Just today we bought a nintendo usb wi-fi adapter. It will allow my DS to piggyback onto my broadband connection so I can do battle against numerous foes from all around the world.  But a problem arises when I try to install this. I get about halfway through when an error pops up; Internet connection sharing error.(5). I have a local area connection 6 representing the Usb wi-fi adapter, so i go to properties, advanced and attempt to enable internet connection sharing and another error pops up; an error occurred when internet connection sharing was being enable, the specified service does not exist as an installed service.

I googled said error and ran "services.msc" and enabled and autonomized a couple services the site said were needed for internet sharing, still no go. 

I've found many, _many_ complaints of this exact same problem regarding the adapter on the web. Solutions are scattered but few; I've tried some with no success.

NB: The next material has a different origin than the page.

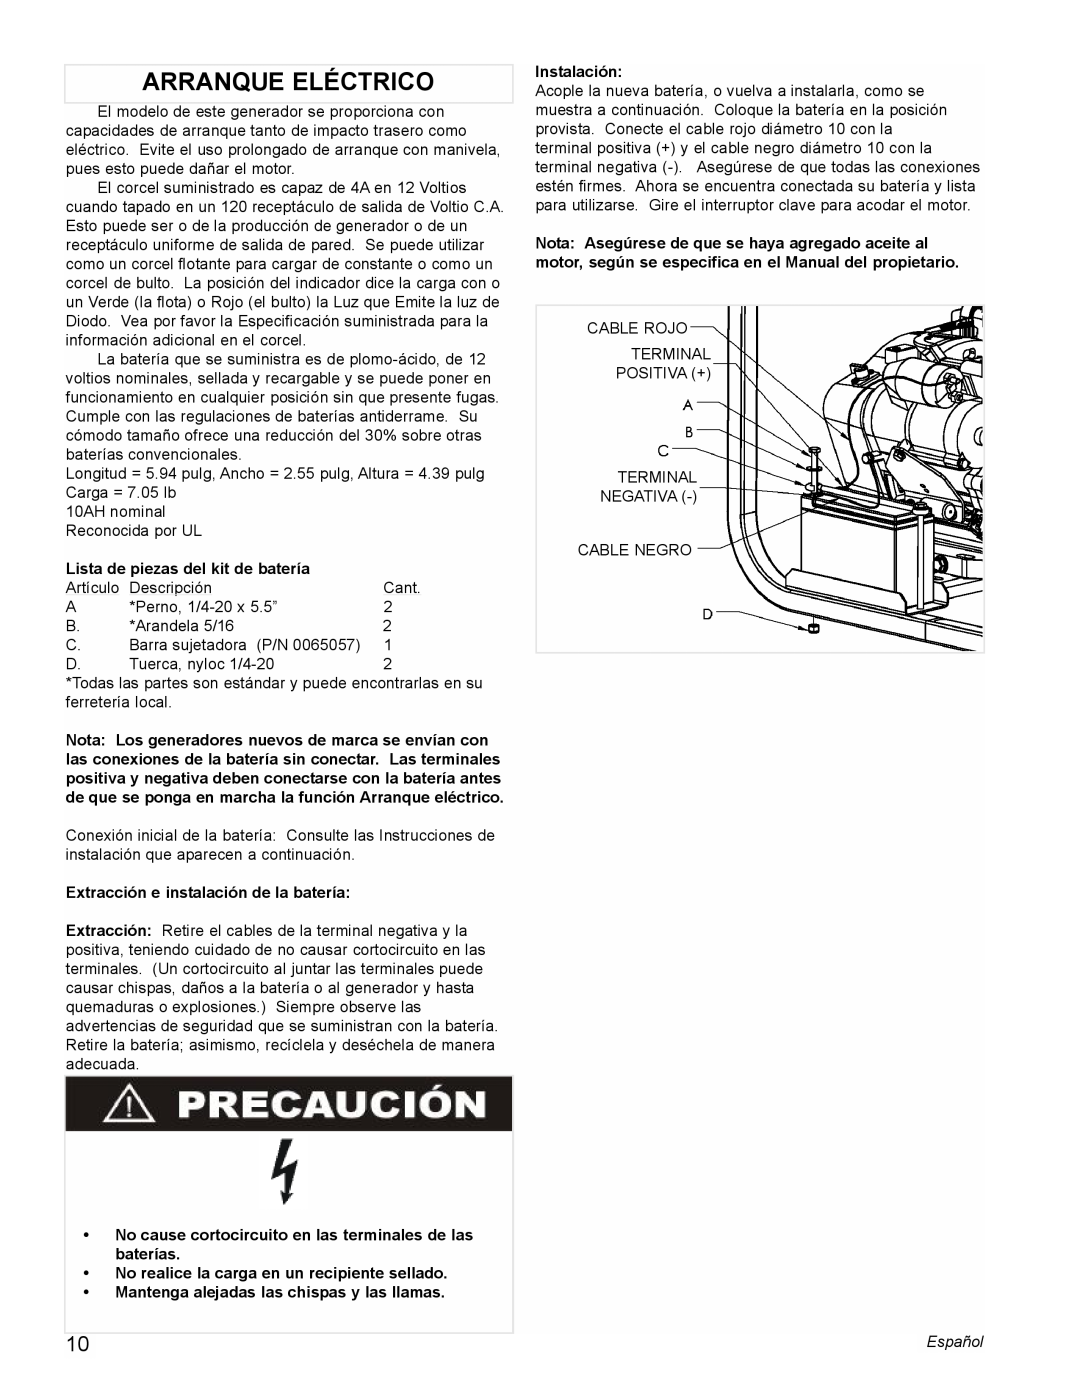 Powermate PM0435004 manual Arranque Eléctrico, Lista de piezas del kit de batería, Extracción e instalación de la batería

I'm 80% sure a repair install of Windows could solve the problem, but don't want to do this unless it's the only option. 

Any insight Networking Section?


----------



## addle_brains (Aug 15, 2007)

Try setting a static IP to you PC. Also, see what you can tweak in your router/modem.


----------



## hermeslyre (Aug 15, 2007)

*sigh*

Couple hours ago I attempted a repair install. Computer GUI Boot came up but it was ended prematurely by a milisecond long BSOD. 2 repair installs later and I've the same result.. I can boot in using safe mode though, and I attempted a cold boot; selective statup, no boot.ini, system.ini, etc. Fixed nothing. 

I'm going to Google it and see what I can come up with.

Stupid ******* Windows.


----------



## hermeslyre (Aug 15, 2007)

Sotp error is 0x0000007e (0xc0000005 0xb9e60184 0xbad06d44 0xbad06a40)

I'm going to stay up till i figure this out...


----------



## addle_brains (Aug 15, 2007)

Is your adapter plugged in? try booting with just your keyboard plugged in. If you can boot into safe mode then it is most probably a software issue caused by some hardware. Possibly a USB polling issue or a piece of software that didn't get repaired. Try booting into safe mode, backing up all of your data and then REINSTALLING the OS.


----------



## hermeslyre (Aug 15, 2007)

It was my video card. I uninstalled it and Windows booted happily.. albeit slower than usual. 

Thanks for the help! You were spot on, it was a hardware/software error. 


What a bitch.. At least it let me set up my adapter.


----------